新型コロナウイルスが契機となり、現在、世界で最も利用されるウェブ会議システムに成長したズーム(Zoom)。同社は、中国出身のエリック・ユアン(Eric Yuan)氏が米国で創業した企業である。エリック氏は、米国渡航のビザ申請で8回も却下された経験を持つ。それでも、粘り強く申請を続けた結果、9回目にしてようやく入国が認められた。もし、途中で渡航をあきらめていたら、この世界にズームはなかったかもしれない。

こうした、高度な技術を有し、短期間に急成長を目指すスタートアップ企業を起業する外国人に対して、一時的な在留許可を認める「スタートアップビザ」が、近年、欧州や南米を中心に20カ国以上で導入されている。
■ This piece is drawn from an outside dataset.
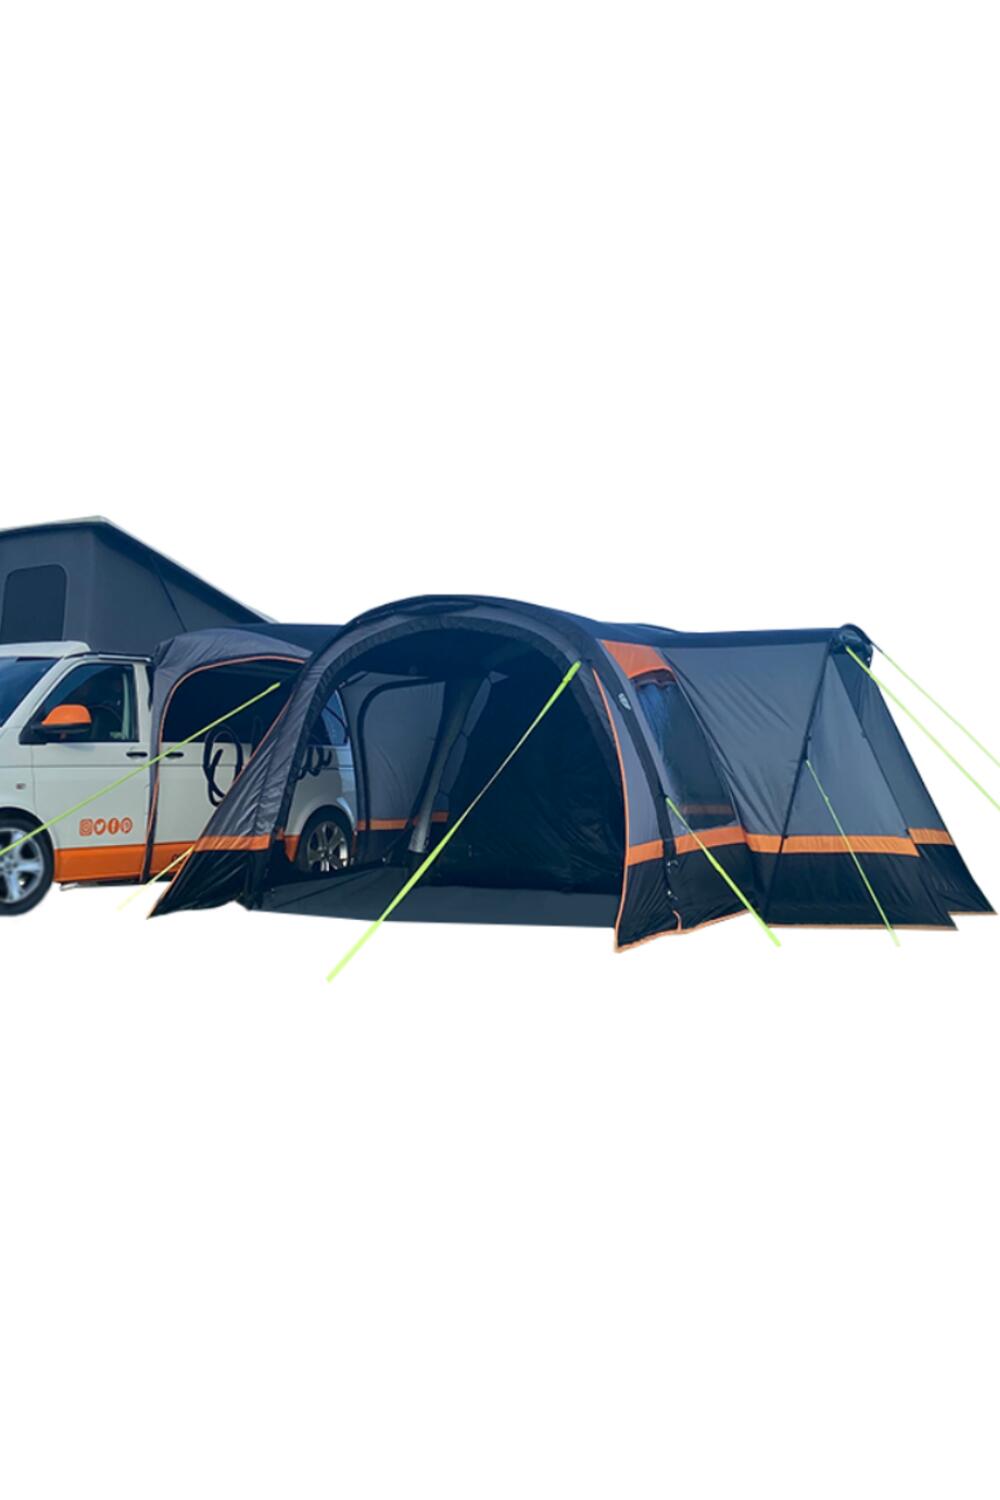 OLPRO Cocoon Breeze v2 Campervan Awning (Charcoal/Orange) 1/7

連載(2)では、国際的に導入が進むスタートアップビザがいかなる制度なのか、他国の事例をもとに説明する。

世界に広がるスタートアップビザ

近年、世界ではスタートアップビザが注目を集めているが、もともと、あらゆる分野の外国人起業家を対象として一時的な在留を認める「起業家ビザ(entrepreneur visa)」がオーストラリアなどで導入されていた。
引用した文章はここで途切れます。